*ACTIVITY*: Give a verbatim copy of the data, leaving the pictures out.

*INFORMATION SUPPLIED*:
--------------------------------

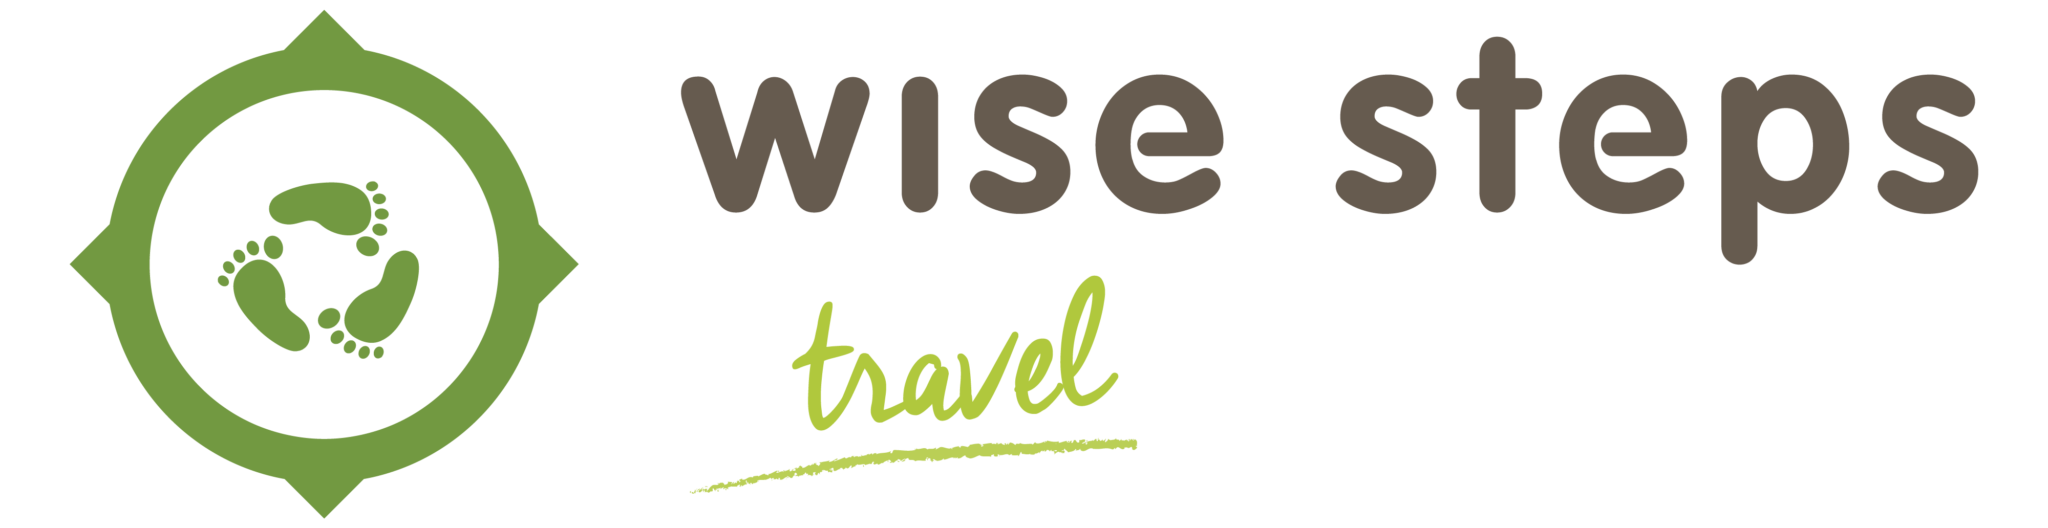 Logo Wise steps Travel
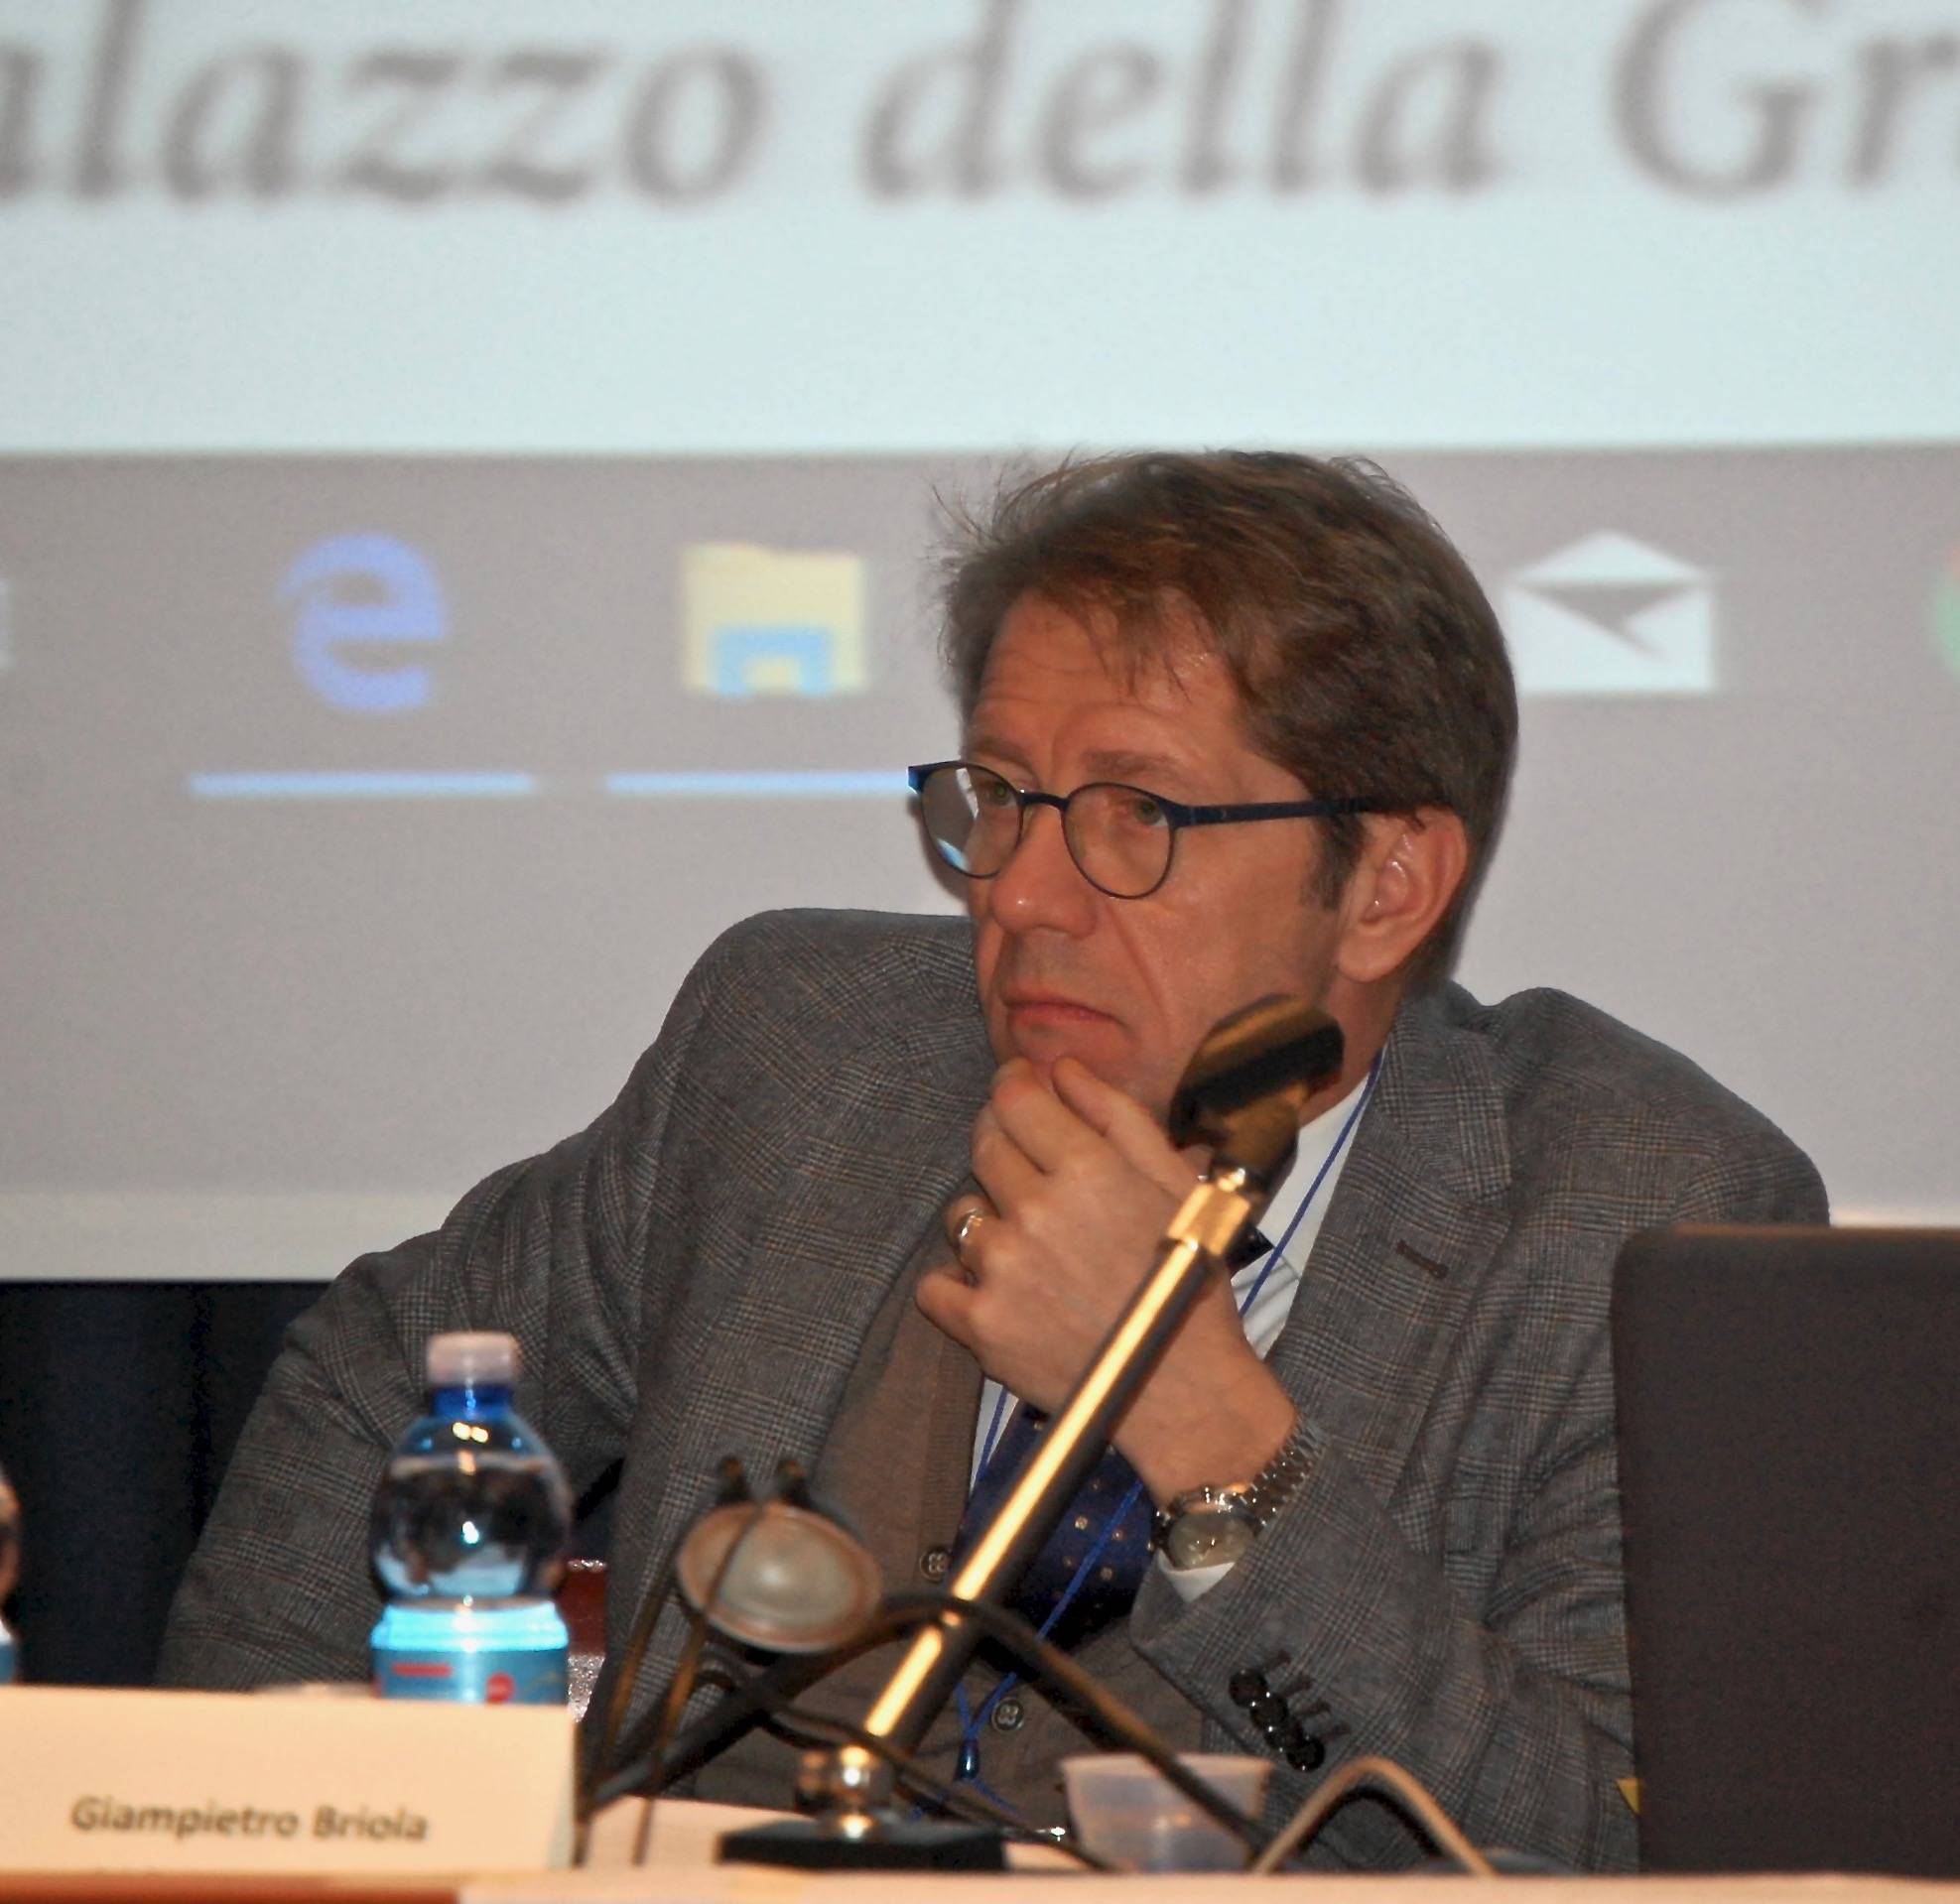 Gianpietro Briola
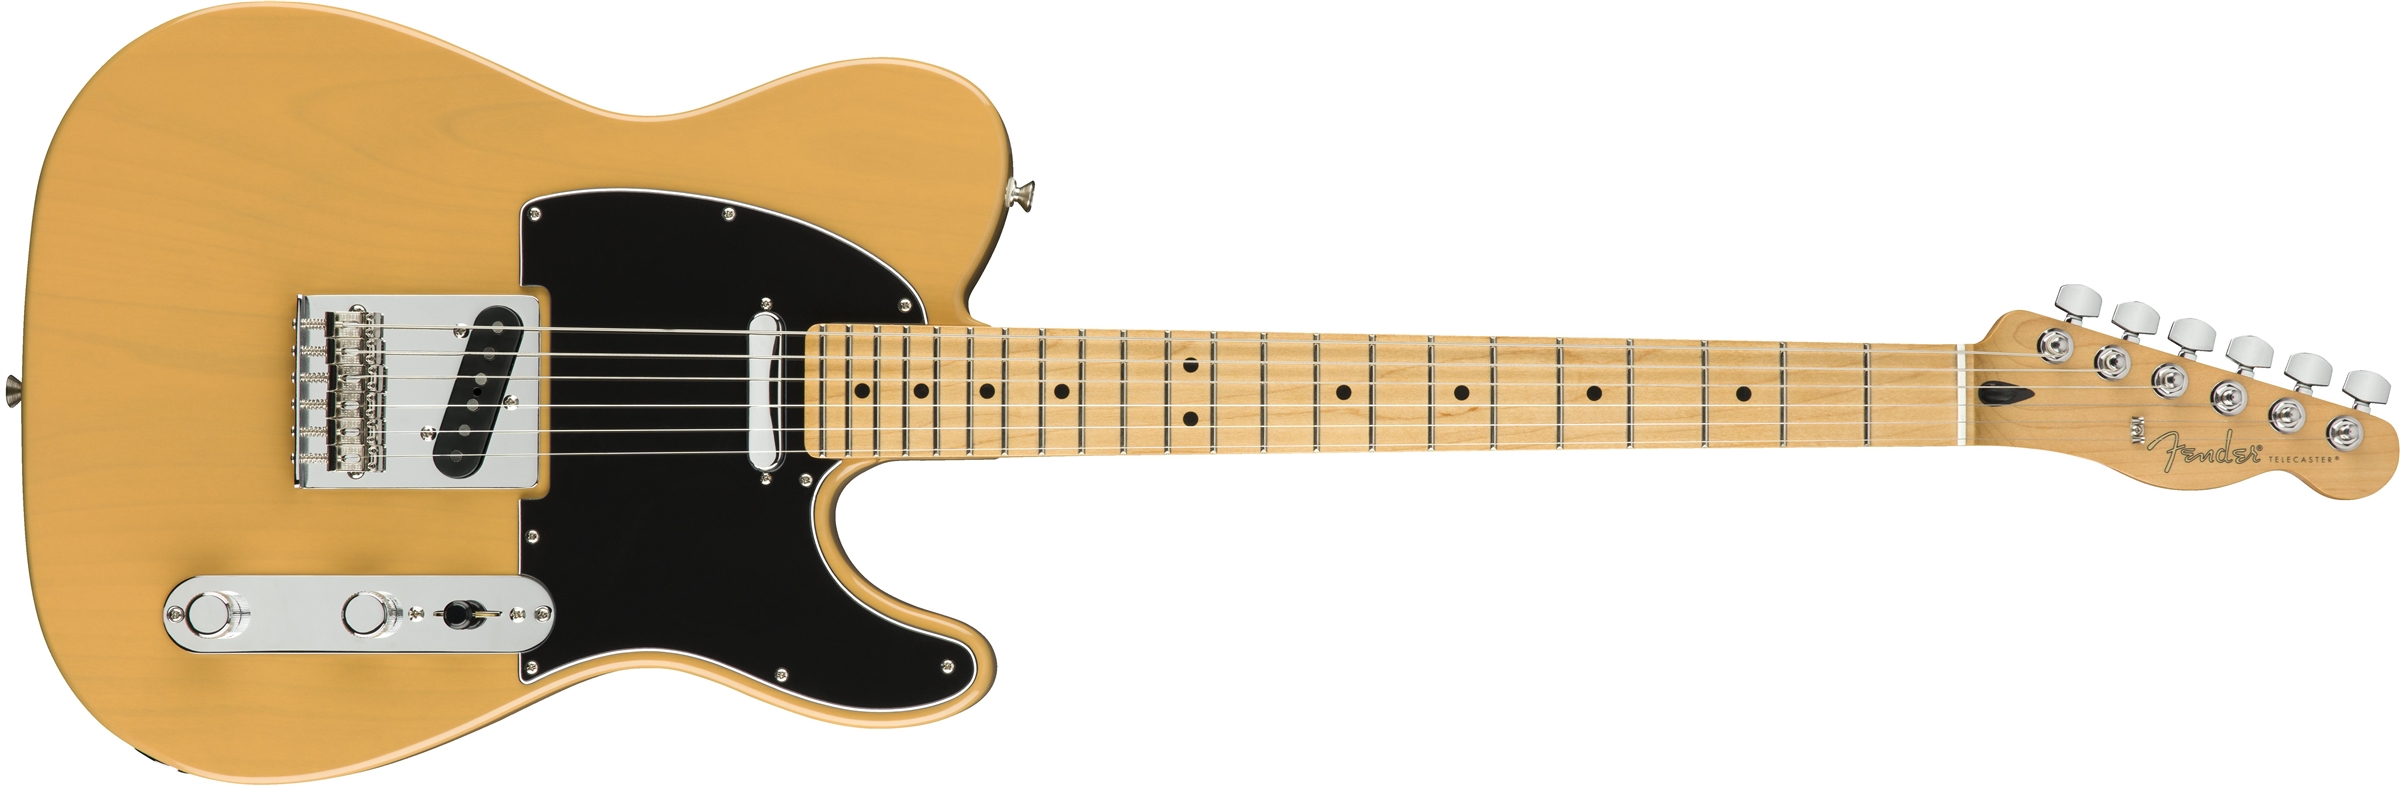 Fender Tele Player Mex Mn - Butterscotch Blonde - Guitarra eléctrica con forma de tel - Variation 1

--------------------------------

*ANSWER TO THIS PROBLEM*:
 Logo Wise steps Travel
 Gianpietro Briola
 Fender Tele Player Mex Mn - Butterscotch Blonde - Guitarra eléctrica con forma de tel - Variation 1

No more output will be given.